Hendricks shakes his head. “Man had way too much time on his hands.”

“You got that right, Doc.”

We stay for a while, exchanging the kind of uneasy banter unique to folks who’re waiting for one among them to die. Kyle paces, torn between refusing to accept that the girl is gone, that we couldn’t save her, and eager to be in a room larger than Hendricks’ parlor so he doesn’t have to be within touching distance of me.

At last there comes a single hitching sigh. The girl frowns, as if in her dreams she’s stumbled upon something dangerous, then she shudders once, and that’s the end of it.

No one says anything for a moment. We all just stand there, trying to read the story of the dead girl’s life from the lines on her face, the punctuation marks on her arm, the commas at the corners of her mouth from too much time spent grimacing in pain. I reach down and brush a strand of hair away from her face.

“C’mon, Kyle.”

For the second time that night, we load the girl into the truck. I imagine she feels lighter, that the soul, or whatever leaves us when we die, has weight, and hers is somewhere better now, somewhere no one can touch it, and use the stains on it against her.

Our drive back to Eddie’s is a silent one. There’s plenty that could be said, but no need to say it.

At least, not until we see the fire.

Aw Christ no…” Kyle says and is out of the truck and running before I have time to draw a breath.

Chapter Six

Eddie’s is in flames, a funeral pyre burning against the dark, turbulent maelstrom of the night, and though the rain is still beating down and pockmarking the mud, it’s not doing much to put out the blaze.

My first thought is that Gracie has finally had enough, that the Reverend’s death is the catalyst she’s been waiting for, the escape she’s longed for all these years. I imagine her chasing everybody out, leaving the Reverend’s body and Brody where they are, dousing the place from top to bottom with kerosene or spirits, then standing in the doorway, flaming rag in her hand. I see the light burning away the shadows on her grim face, making her seem young and innocent again. Then she tosses the rag, and the fire races across the floor and up the walls, a raging thing, but pure, and cleansing.
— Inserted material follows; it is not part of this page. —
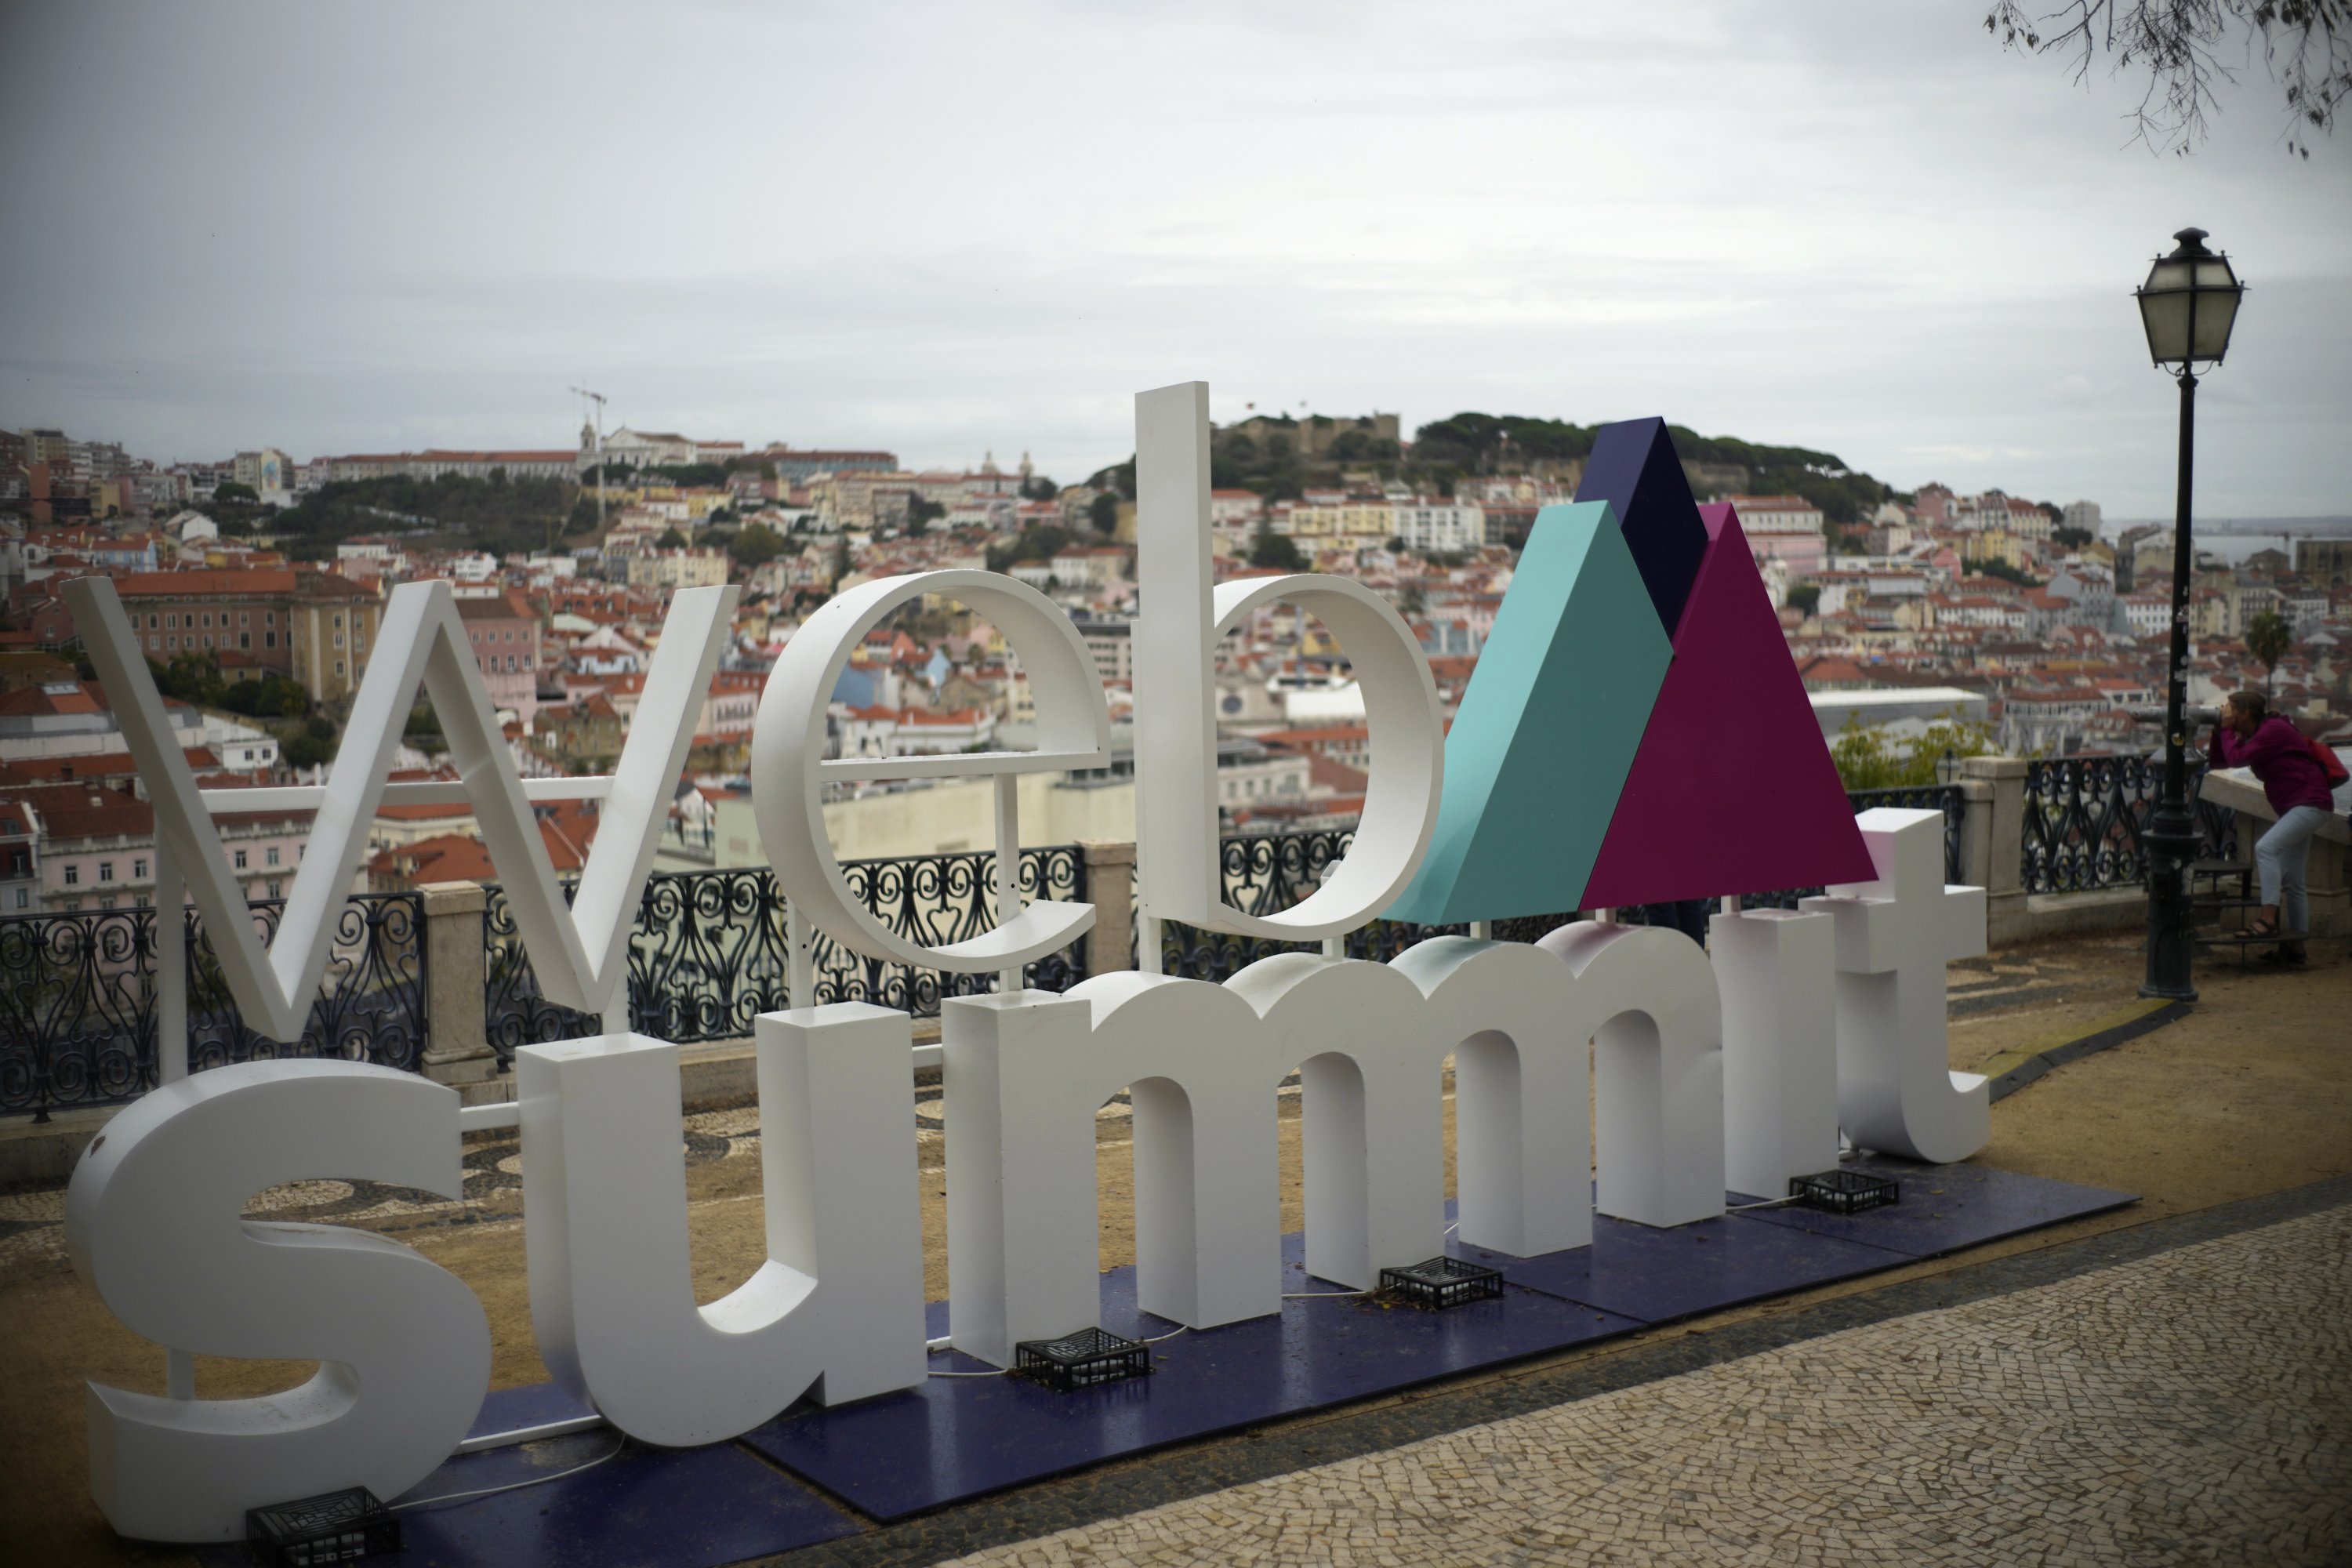 Logo konferensi teknologi Web Summit ditampilkan di sudut pandang yang menghadap ke pusat kota Lisbon, Portugal, 29 Oktober 2021. (AP Photo)
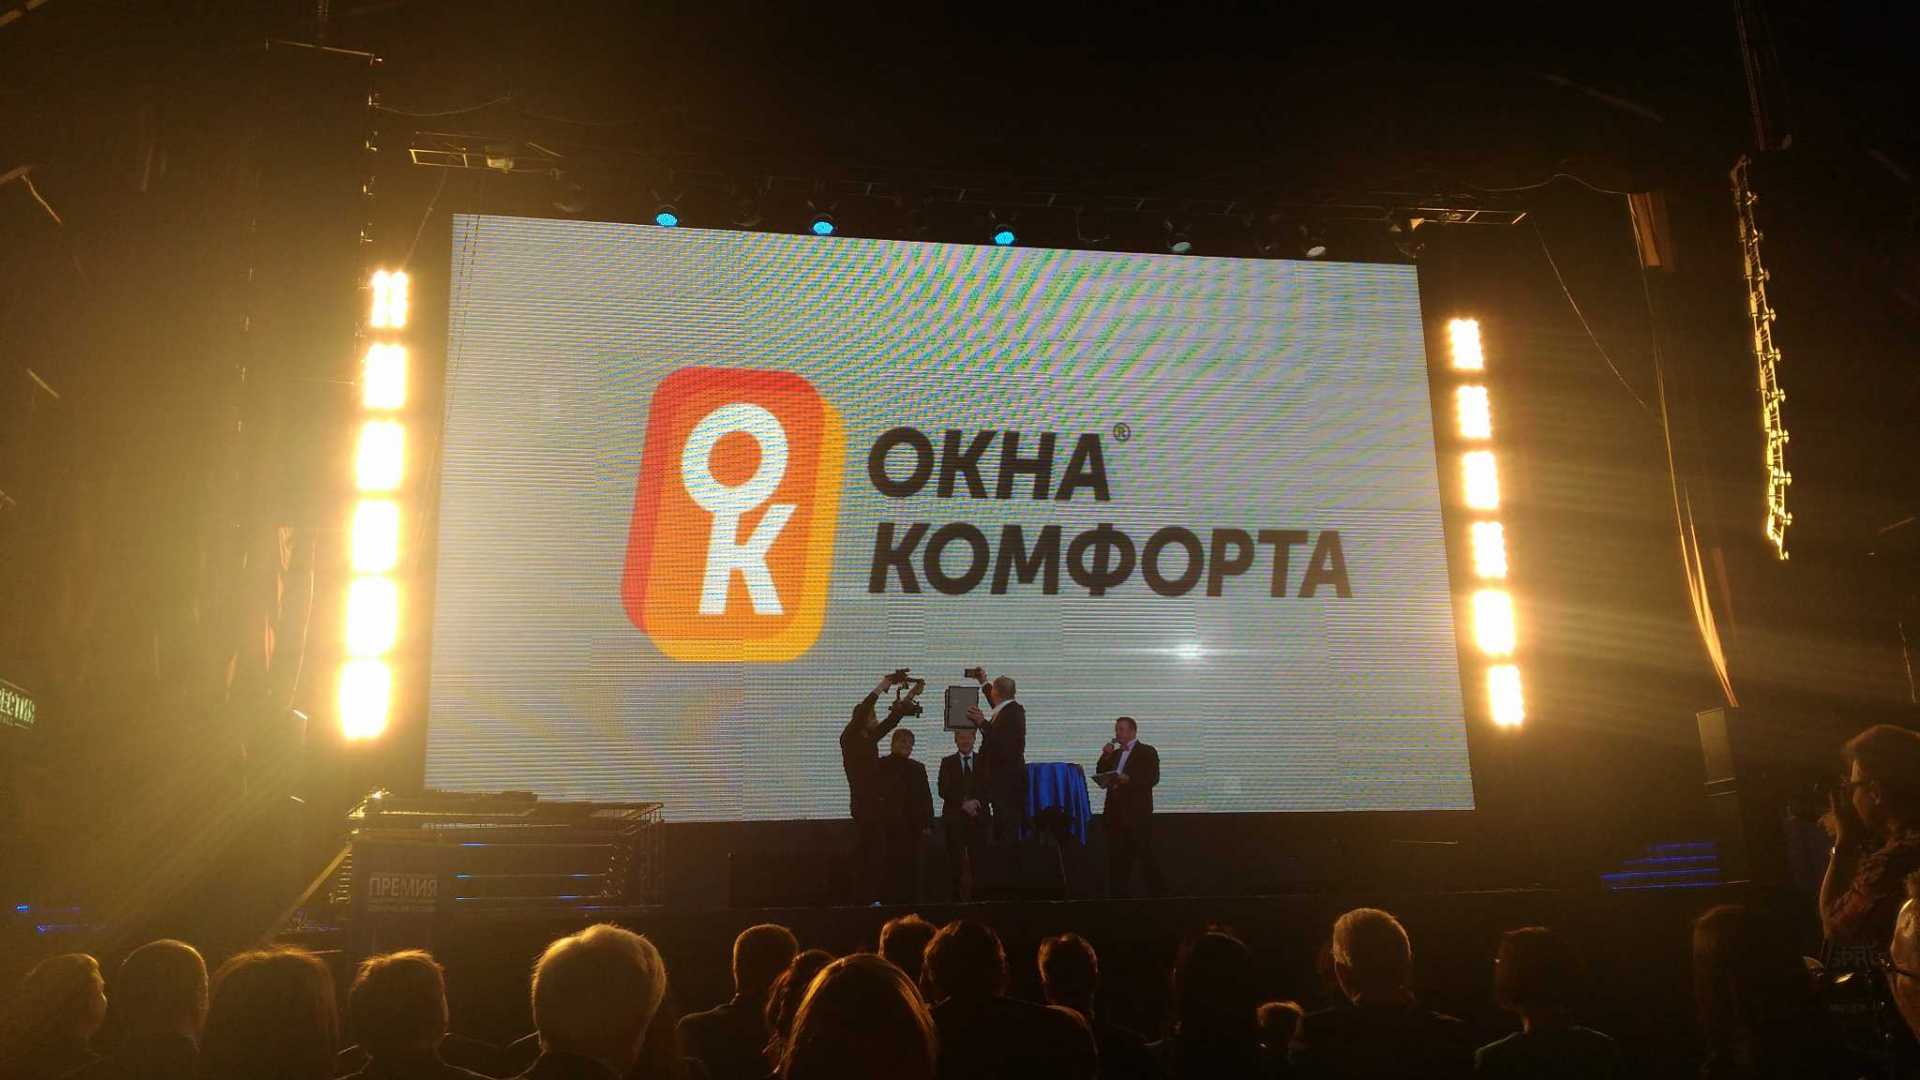 Победа в номинации Продукт года 2015 присуждается компании Окна Комфорта

But as I watch the lithe silhouette of my son racing toward the inferno, I remember what I thought when I stood in there looking down at Hill’s body, waiting for him to suddenly resurrect himself. Cold dread grips my heart. Is this the surprise we expected from him? Did he burst into flame moments after Kyle and me left the bar? I picture his almost headless corpse erupting into bright searing flame, claiming the lives of those standing nearest him first before they’re even aware what’s happening, then spreading out and cooking the rest as they try to escape.

And then I think of Cobb.

I pull the truck to a halt in the parking lot. Flames rise up, licking the sky; the rain falls down. Glass shatters in the heat and I have to shield my face. Not before my eyebrows are singed away.

Kyle is not alone, and his company is not a decapitated burning thing. I make my way over, all but blinded by the light from the fire. It isn’t until I’m right there next to Kyle that I see it’s Cadaver who’s with him. His eyes are narrowed against the glare, but still there’s an odd look on his hollow face, almost like reverence.